What is Presenteeism? And how is it harming my business?

ACAS defines Presenteeism (or sickness presence) as staff becoming “increasingly reluctant to take time off for illness” and ultimately “turning up for work when unwell [which] may also be affecting productivity”.

People coming to work despite illness or workplace stress has tripled according to a report produced by the CIPD and Simplyhealth. The report surveys over 1000 HR professionals and is the 18th annual survey report by CIPD/Simplyhealth designed to examine trends in absence, health and well-being in the workplace.

86% of respondents claimed to have observed presenteeism in their place of work in the past year, whereas in 2016 it was 72% and only 26% in 2010. Despite these figures very few organisations have attempted to deter unhealthy workplace practices. Only 25% of respondents felt that their business had made an effort to deter presenteeism in the past year.

Staff related presenteeism is still one of the top causes of future long-term sickness absence in employees according to the report. Only one in ten of employers said to be taking action view these issues as a priority and perhaps more shockingly only 58% say their place of work is meeting the basic legal requirements for reducing workplace stress.

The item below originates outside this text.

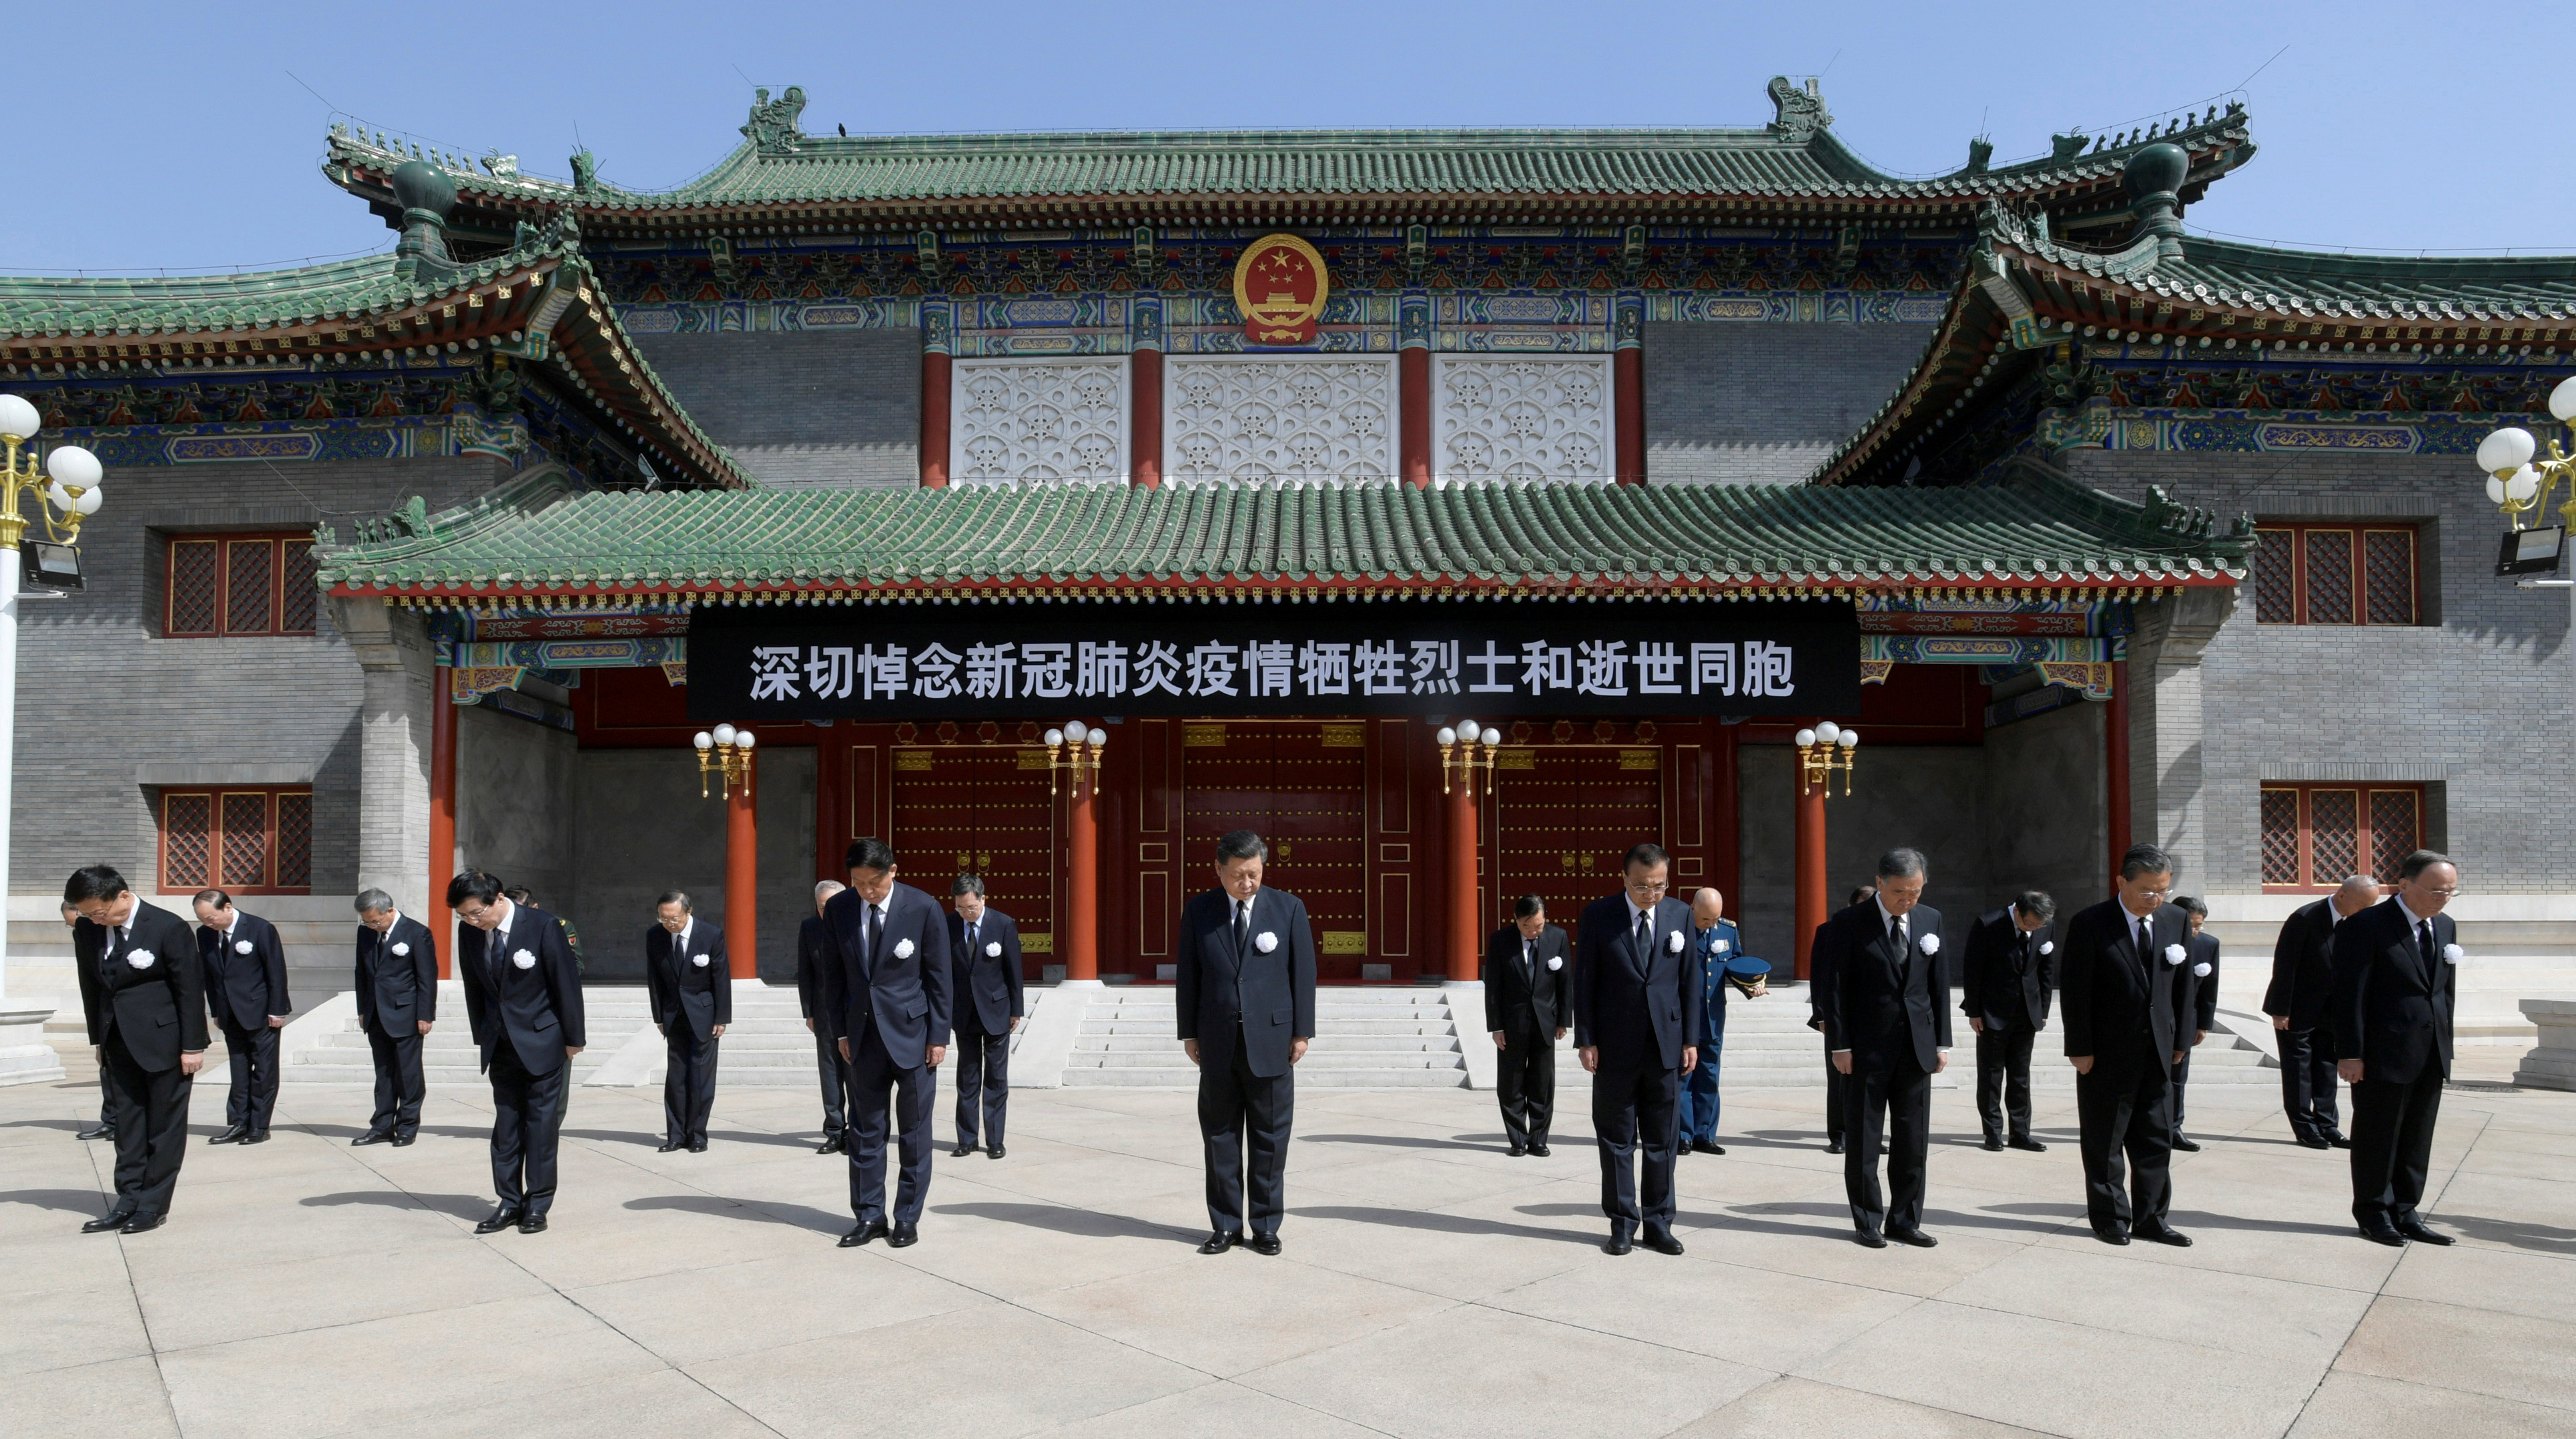 الرئيس الصينى وقادة الدولة  الحداد على  أرواح ضحايا كورونا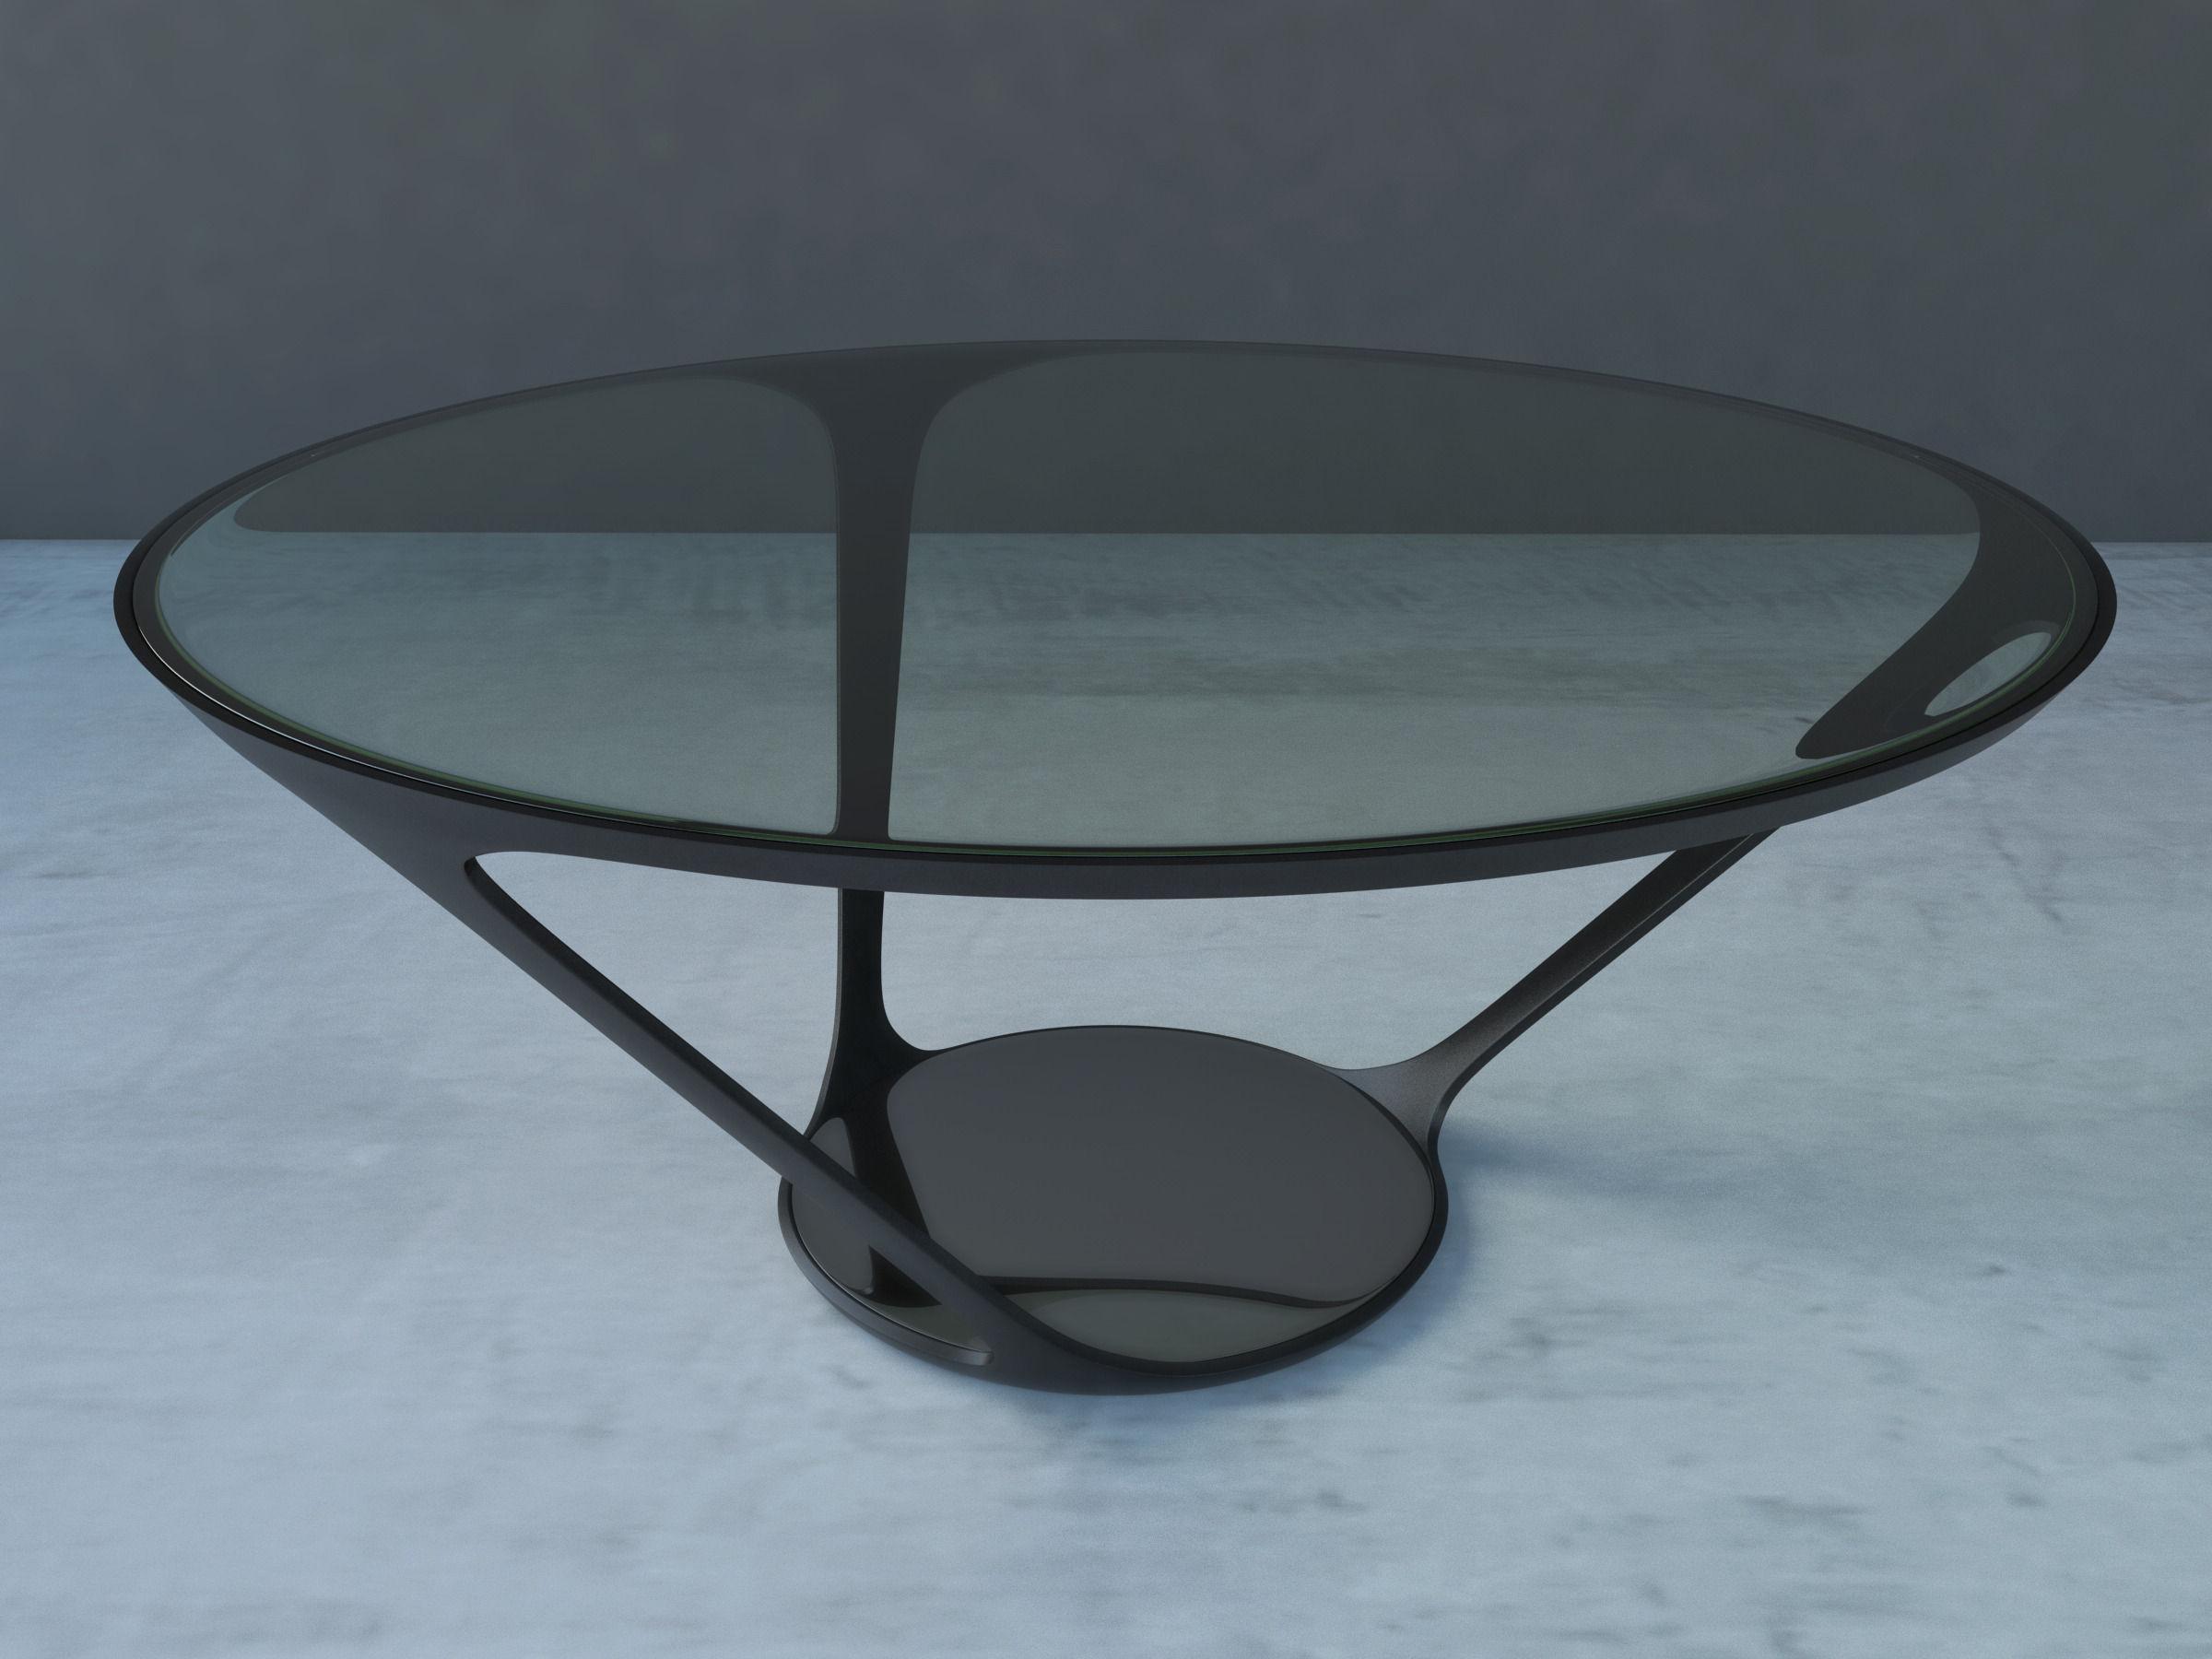 ora ito dinning table 3d model obj 3ds fbx c4d dxf. Black Bedroom Furniture Sets. Home Design Ideas

Similarly, Leavism is another term being used to describe unhealthy work practices, in this case, a staff member using their own annual leave to work. According to the survey, 69% felt that leavism had occurred in their organisation over the last year and only 27% of those who had experienced leavism occur, believe that their organisation is dealing with it.

With this report being released only weeks before 2018 Mental Health Awareness Week, it is imperative as an employer that you ensure you are following the best practice on reducing workplace stress. CIPD defines the four legal principles of reducing stress as an employer as:

  • Your duty to identify significant and foreseeable risks to employee health
  • Your duty to prevent harm to employee health that is foreseeable and caused by work
  • Your duty to consider any physical or mental impairment that has a substantial or long-term effect on their ability to work
  • Your duty to consult with employees on health and safety matters.

It’s worth mentioning one significant finding in the report that is primarily positive, and that is how technological advances in the workplace seem to be having a positive impact on employee well-being as opposed to a negative one.

Considering the concern surrounding certain job roles becoming automated by machines in the past few years, it’s interesting to find that the majority of those surveyed believe workplace technological advancement is generally a good thing. However, approximately 9/10 employees believe that as a result of technology more employees are less inclined to ‘switch off’ and therefore having an effect on well-being.